Every one of us has made a fool of ourselves. It does not matter when, how and where; we have all at some time acted hastily and arrogantly. For some of us, sometimes, alcohol has also been involved.
This is the story of just such an occasion. It is also the story of what it may be like to work as an archivist and writer of popular history articles: sometimes you find archival traces of an event that scream out to be the subject of an article, but at the same time it does not provide the material for more than one or two pages of text. That is why I have resisted writing this article for a long time, for fear that it would be pitifully short. Now, however, I have written it, and it is up to the reader to judge whether I too have made a fool of myself.
On the afternoon of Thursday 18 September 1884, Malmö’s inhabitants witnessed a sensational event; a carriage filled with a large number of people driving around the city streets. Normally, perhaps, a carriage full of passengers would not have attracted a great deal of attention in what was still a horse-driven time, but the fact that the carriage – in addition to the exceptionally noisy and hollering people – also contained a coffin full of spirit bottles certainly made one or two people raise their eyebrows.

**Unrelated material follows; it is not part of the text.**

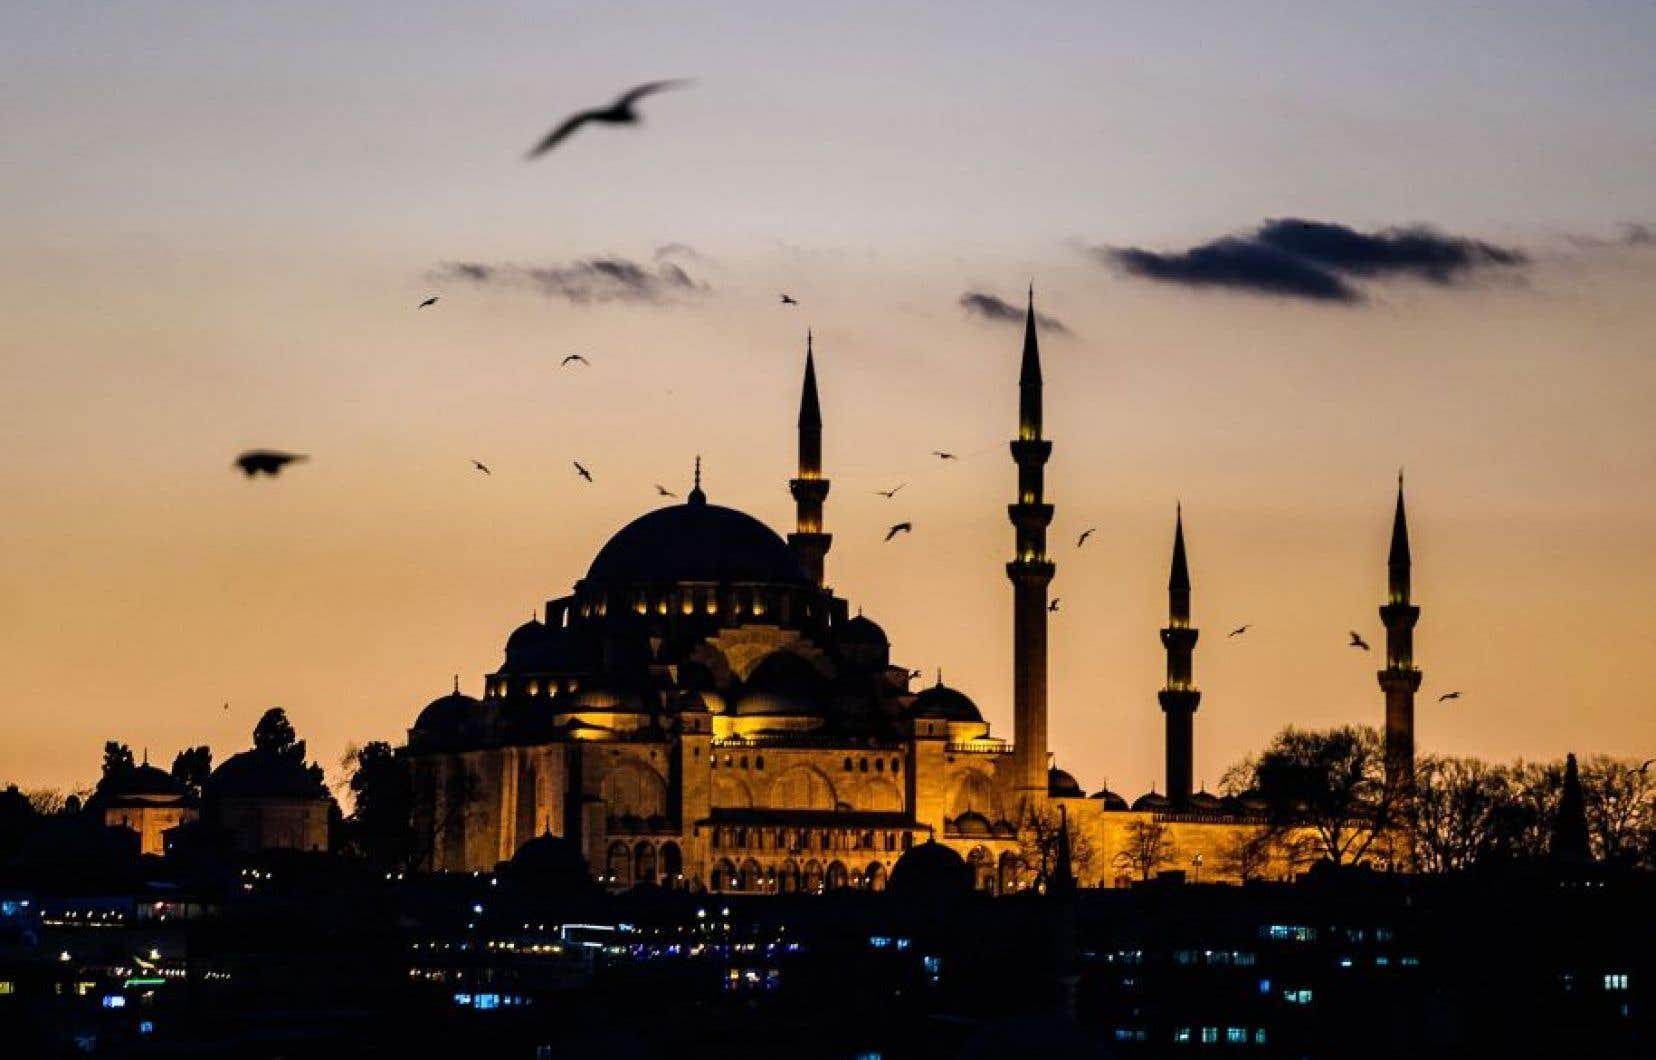 La mosquée Souleymane, à Istanbul, un des lieux les plus visités en Turquie. Mais les touristes y sont de moins en moins nombreux en raison des attentats terroristes qui s'y répètent.

One of the people in the carriage was the 20-year-old Lund student, Carl Lindell. He was born in Torrlösa, a small village in what is now Svalöv Municipality in Skåne, on 13 May 1863. His parents were tenant farmer Bengt Månsson Lindell and Cecilia Månsdotter. He was enrolled at Lund University in 1881 and was a member of the Skånska student nation’s second division. This division, called the Lund district division, had a membership comprised of students who had graduated from upper secondary school in Lund but who did not originate from the city itself. This article is about Carl Lindell.